Having been both a competitor and judge on such shows as Beat Bobby Flay, I asked Chef Ed McFarland which role he prefers.
“So, to be honest with you, I’m not a big fan of cooking competitions. And I participate because I am a judge, so I think it’s to show that if I can give out criticism, I should be able to take it as well. And you should know what it feels like to be on the other side of the camera. But I’d much rather be a judge and taste the tastes, the wonderful food that everybody’s making. And I enjoy the stress-free side of it because you’re hanging out with other chefs and restaurant industry people, and you’re discussing what you’re eating. And when the camera’s not on, you’re discussing what everybody else is doing and where to go and what’s going on in the industry. But when you’re competing, your whole day is focused on ‘don’t eff up what I’m doing’.”
It’s essential to add here that Chef Ed’s self-admonition to not “eff up what I’m doing” was said with a hearty laugh and evident self-deprecation.
It’s also important to mention Chef Ed McFarland’s roots, as they inform his lobster repertoire. The chef grew up in an American-Italian household in Brooklyn and Staten Island and got his feet wet as a teenager working in red sauce Italian restaurants and pizzerias, so it’s only natural to find such dishes as Lobster Ravioli and Lobster Meatballs on the menu at Ed’s Lobster Bar. The former is all lobster, no filler, inside ravioli, while the latter is featured every Sunday in Ed’s Sunday sauce.
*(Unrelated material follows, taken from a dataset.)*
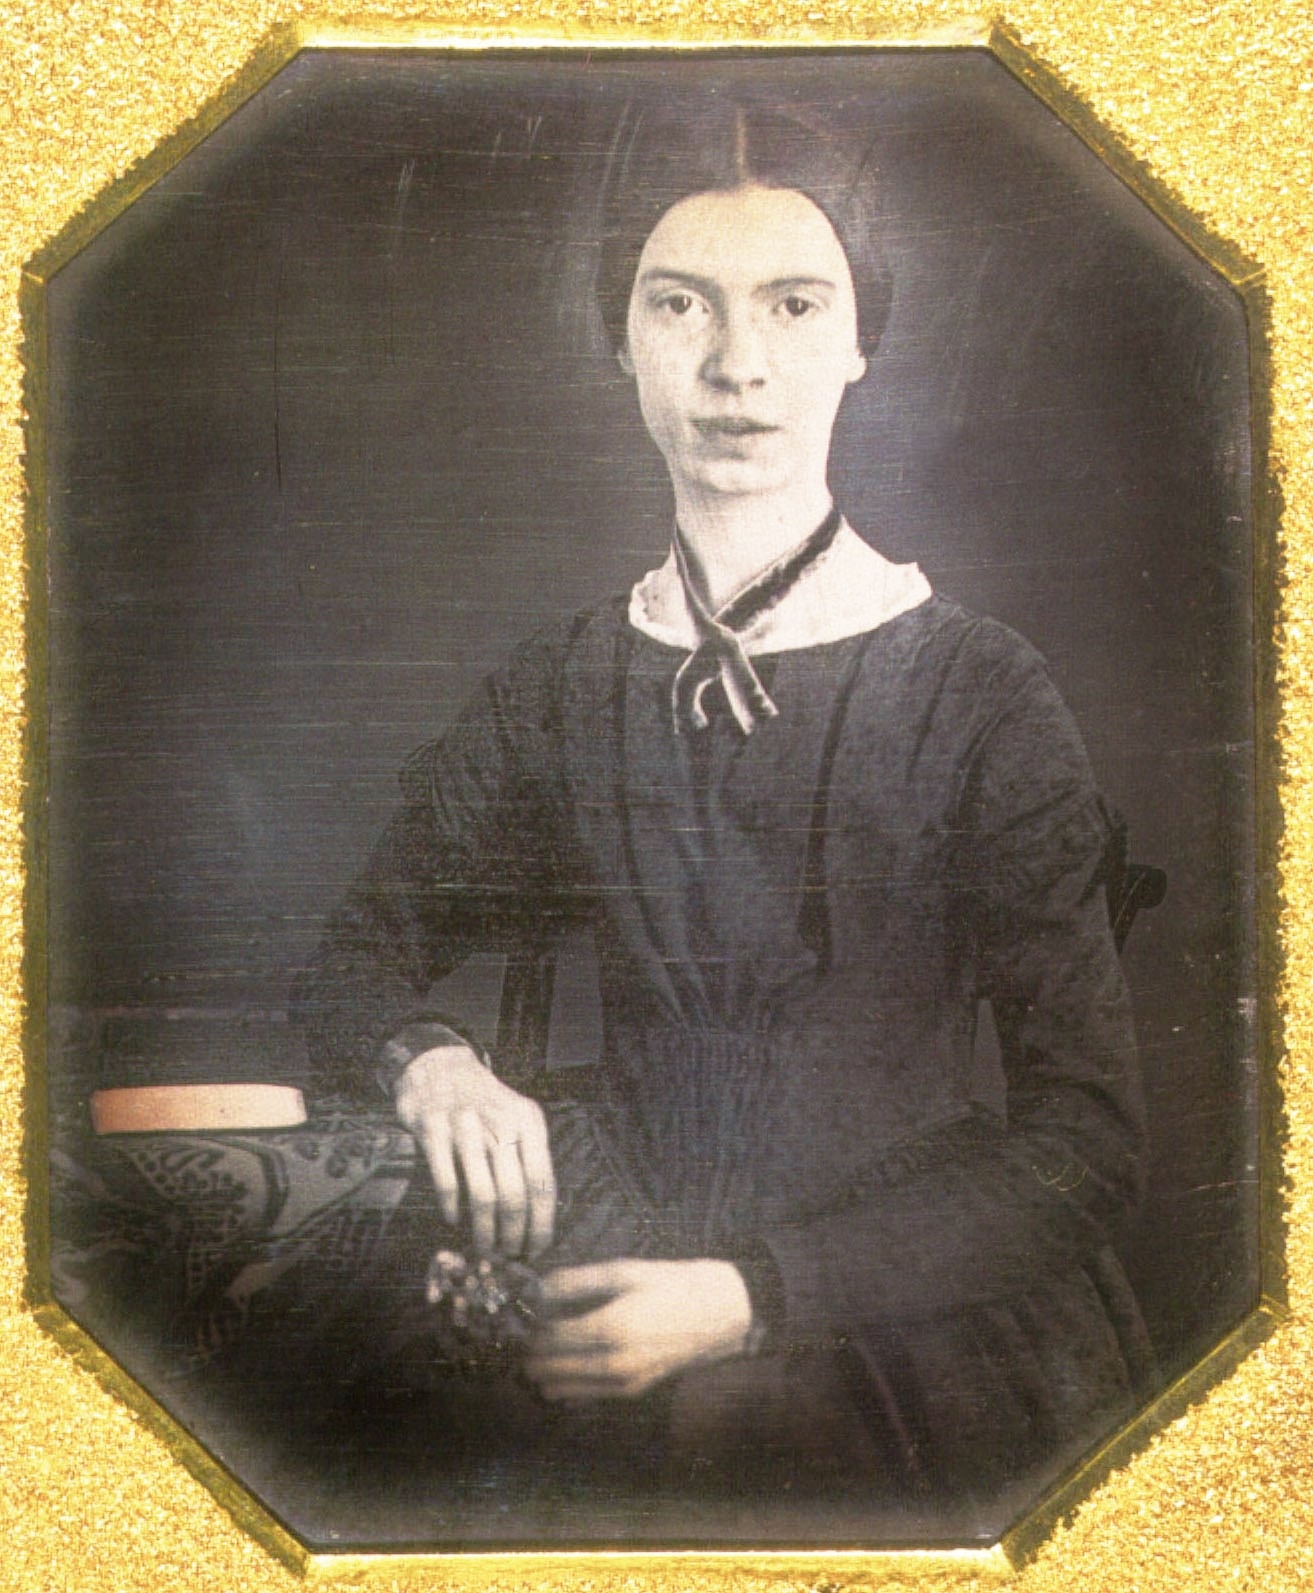 Emily-Dickinson-daguerreotype-1847 (1).jpg

After chatting with Chef Ed McFarland I now know that the temptations of outlier warm weather need not have any bearing on my craving for the delicious shellfish. Whether it’s 40 degrees or 70, the lobster authority himself gave the go-ahead on year-round enjoyment, so who am I to argue with him? The temptress that is spring can flash her culinary wiles elsewhere.
Do you eat lobster year-round? What’s your favorite lobster preparation?